* **TASK OBJECTIVE**
Could you give the data below again exactly, apart from the pictures?

* **DATA SEGMENT**
>>>>
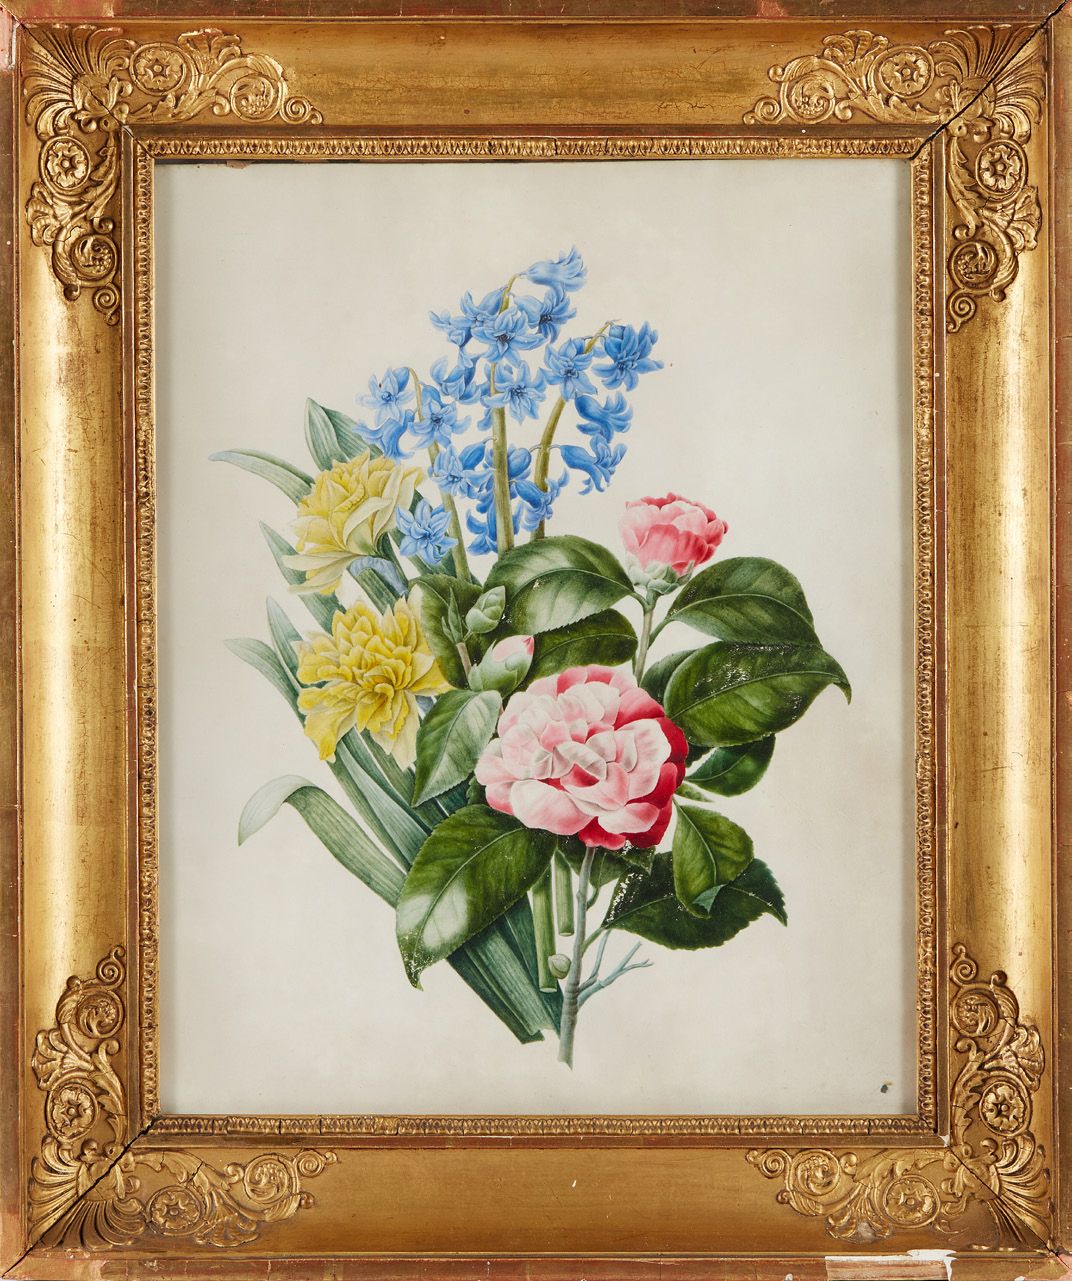 Ecole FRANCAISE vers 1860, suiveur de Pierre-Joseph REDOUTE Bouquets of flowers
&hellip;
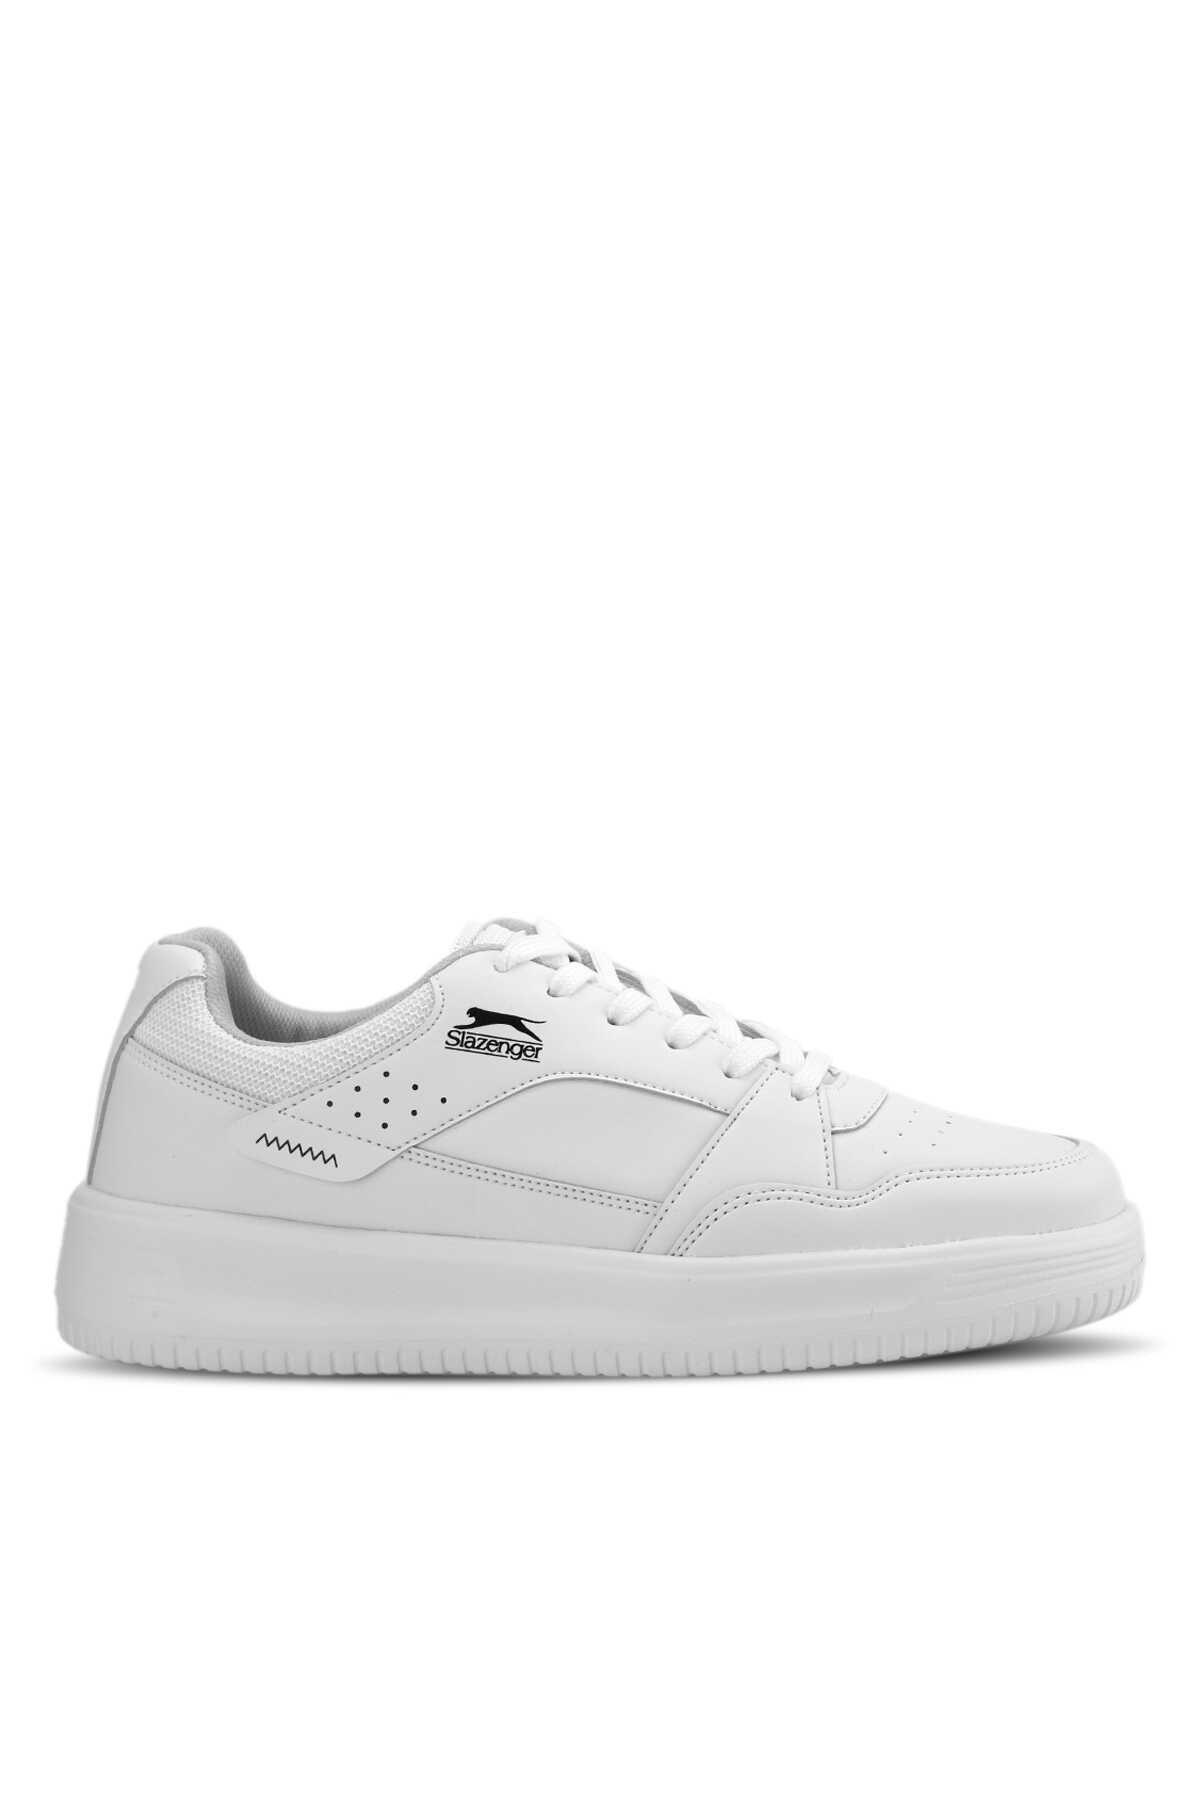 Slazenger - Slazenger LEVSKI Sneaker Erkek Ayakkabı Beyaz
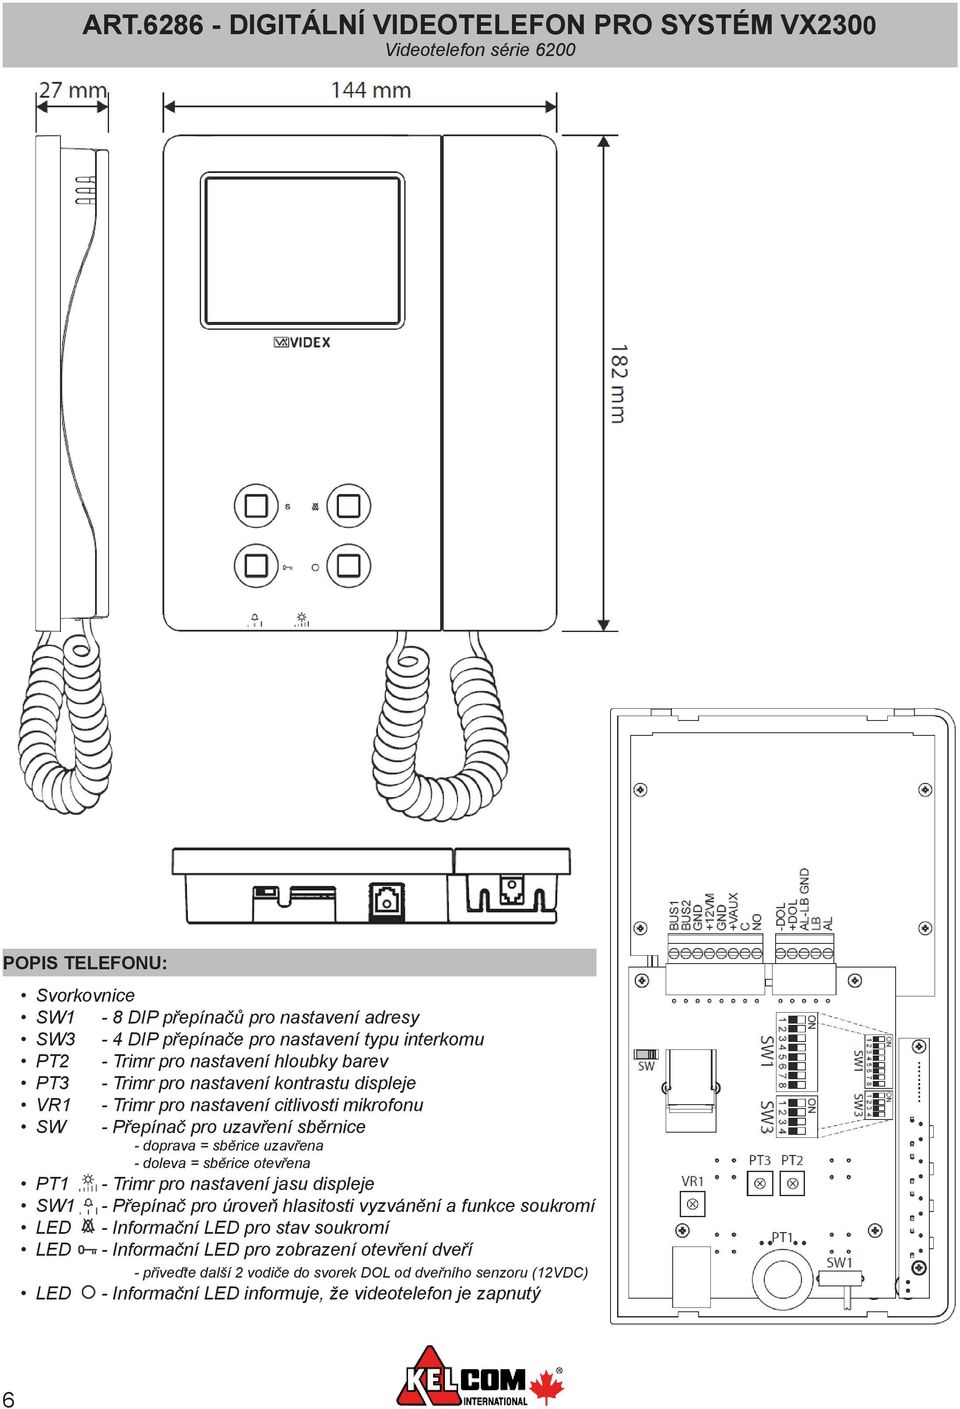 doprava = sběrice uzavřena - doleva = sběrice otevřena PT1 - Trimr pro nastavení jasu displeje SW1 - Přepínač pro úroveň hlasitosti vyzvánění a funkce soukromí LED - Informační LED pro
<<<<
* **YOUR RESPONSE**
 Ecole FRANCAISE vers 1860, suiveur de Pierre-Joseph REDOUTE Bouquets of flowers
&hellip;
 Slazenger - Slazenger LEVSKI Sneaker Erkek Ayakkabı Beyaz
 doprava = sběrice uzavřena - doleva = sběrice otevřena PT1 - Trimr pro nastavení jasu displeje SW1 - Přepínač pro úroveň hlasitosti vyzvánění a funkce soukromí LED - Informační LED pro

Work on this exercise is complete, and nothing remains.